“Deve-se escrever da mesma maneira como as lavadeiras lá de Alagoas fazem seu ofício. Elas começam com uma primeira lavada, molham a roupa suja na beira da lagoa ou do riacho, torcem o pano, molham-no novamente, voltam a torcer. Colocam o anil, ensaboam e torcem uma, duas vezes. Depois enxáguam, dão mais uma molhada, agora jogando a água com a mão. Batem o pano na laje ou na pedra limpa, e dão mais uma torcida e mais outra, torcem até não pingar do pano uma só gota. Somente depois de feito tudo isso é que elas dependuram a roupa lavada na corda ou no varal, para secar. Pois quem se mete a escrever devia fazer a mesma coisa; a palavra não foi feita para enfeitar, brilhar como ouro falso; a palavra foi feita para dizer”.
Era com esse rigor que Graciliano encarava o oficio de escrever. Com certeza, ele abominaria os linguistas, pois não admitia o menor erro gramatical. A melhor expressão do seu realismo quanto ao uso da língua culta aparece em Luís da Silva, personagem do romance Angústia; ele vê pichado um muro com o slogan “proletários univos” e exclama: “Não dispenso as virgulas e os traços; quereriam fazer uma revolução sem traços e sem vírgulas? Numa revolução de tal ordem não haveria lugar para mim”.
Numa ocasião, Diógenes de Arruda Câmara, dirigente do PCB, partido ao qual se filiou em 1945, sugeriu a Graciliano que escrevesse como Jorge Amado, utilizando a linguagem do povo, ao que o escritor respondeu: “Admiro muito Jorge Amado, nada tenho contra ele, mas não sei escrever do seu jeito”. Sobre isso, o romancista baiano comentou: “Ante a justeza, a correção da língua portuguesa por ele escrita, nós, os outros ficcionistas do Nordeste, somos uns bárbaros”
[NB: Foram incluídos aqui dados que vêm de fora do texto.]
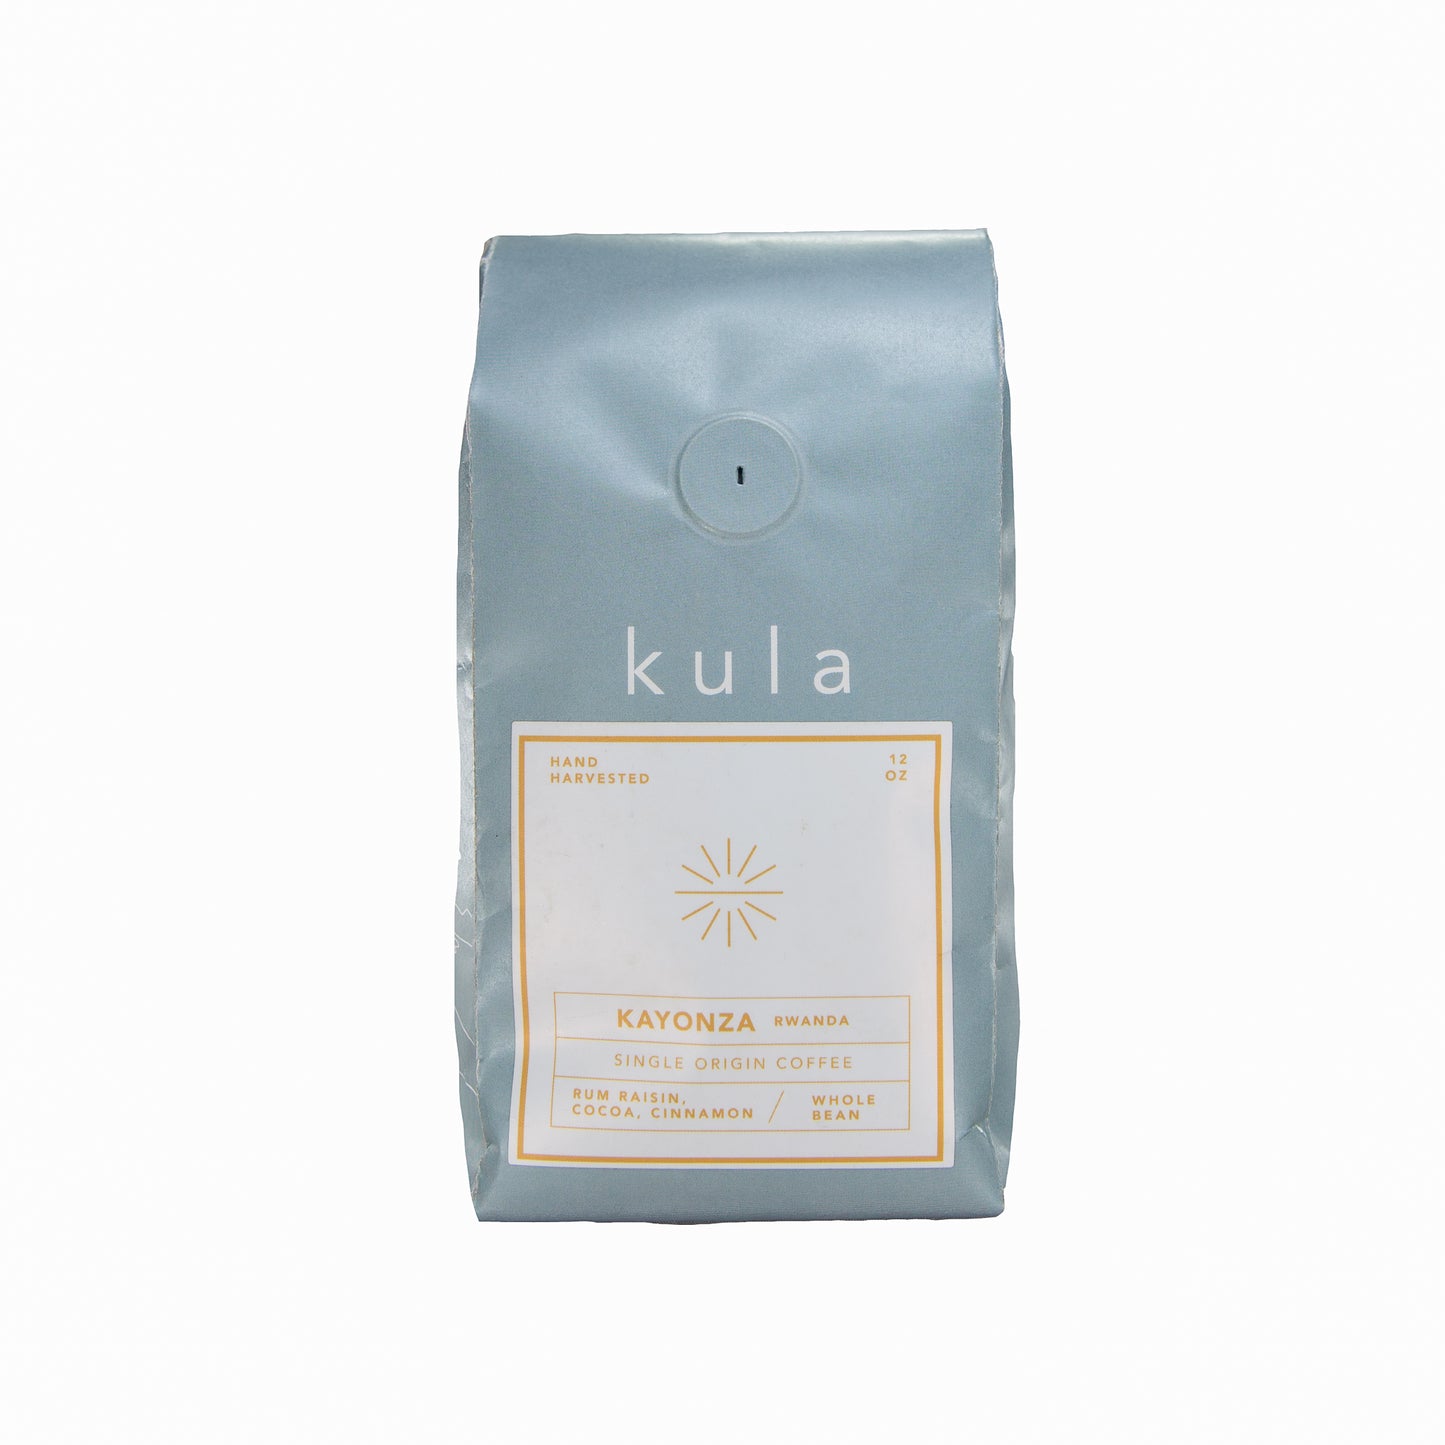 KULA COFFEE: KAYONZA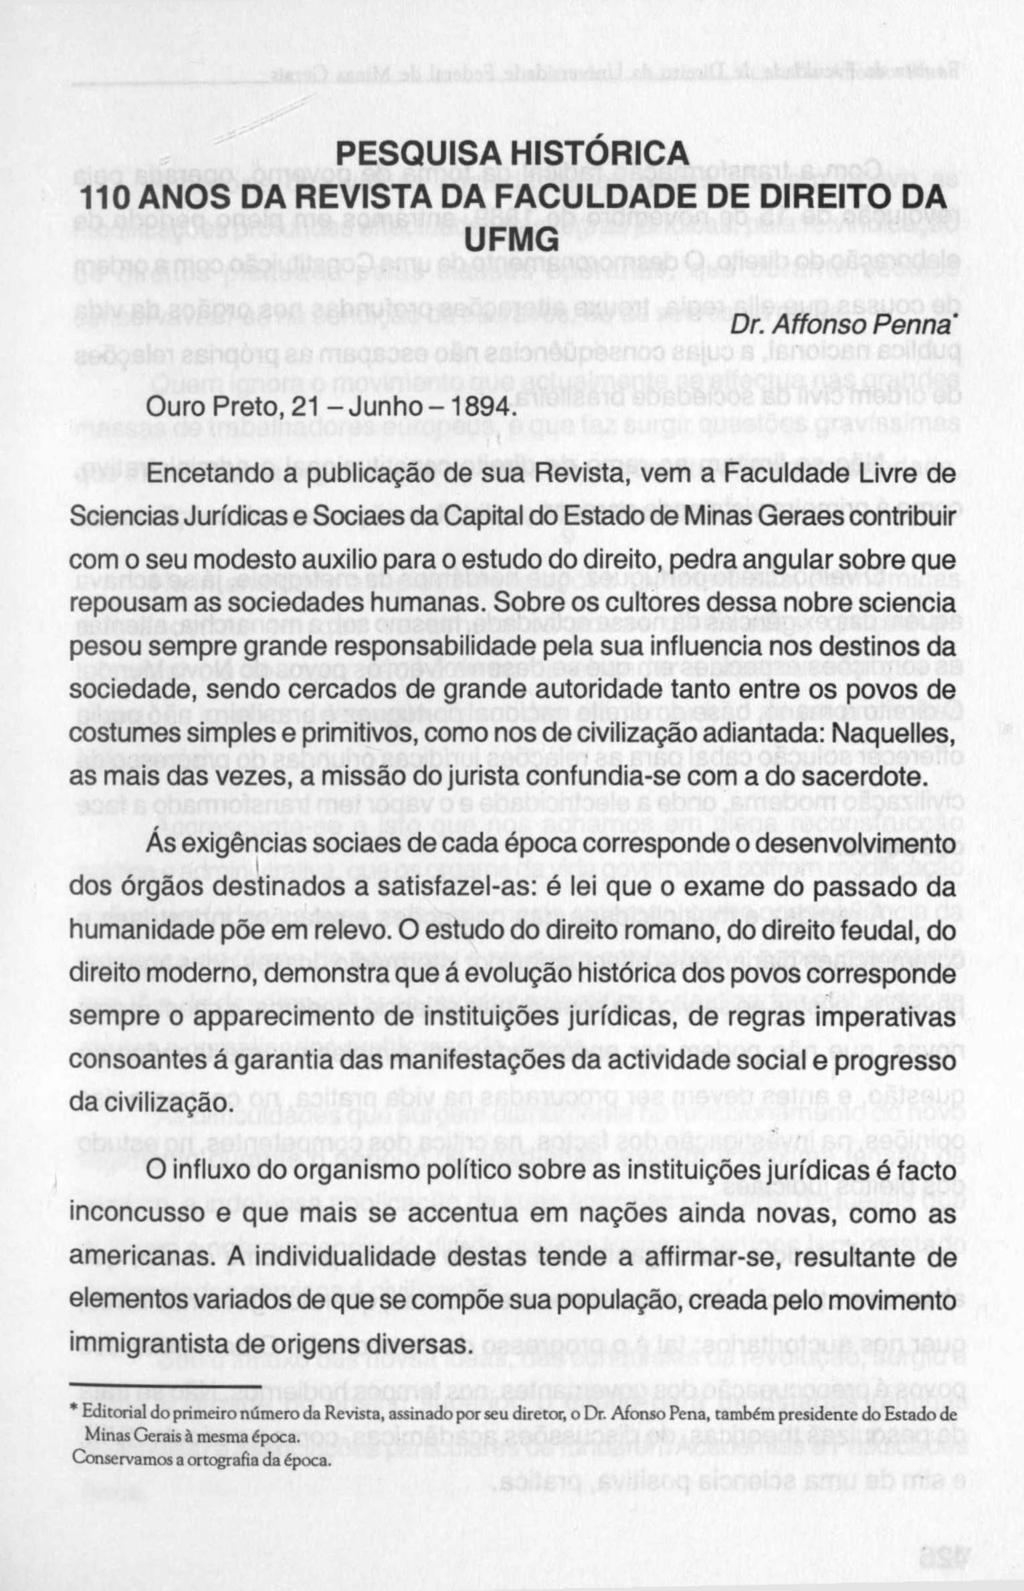 PESQUISA HISTÓRICA 110 ANOS DA REVISTA DA FACULDADE DE DIREITO DA UFMG Dr. Affonso Penná Ouro Preto, 21 - Junho -1894.

Graciliano nunca aceitou submeter seus escritos à apreciação do Comitê Central como o fizeram Jorge Amado e Alina Paim enquanto militantes. Para ele, o escritor, apesar de comprometido com a luta política, havia de manter sua independência criativa e liberdade de estilo. Por isso, não assimilou as regras do Realismo Socialista, Escola Literária consagrada na União Soviética após o caos criativo dos primeiros dias do poder bolchevique.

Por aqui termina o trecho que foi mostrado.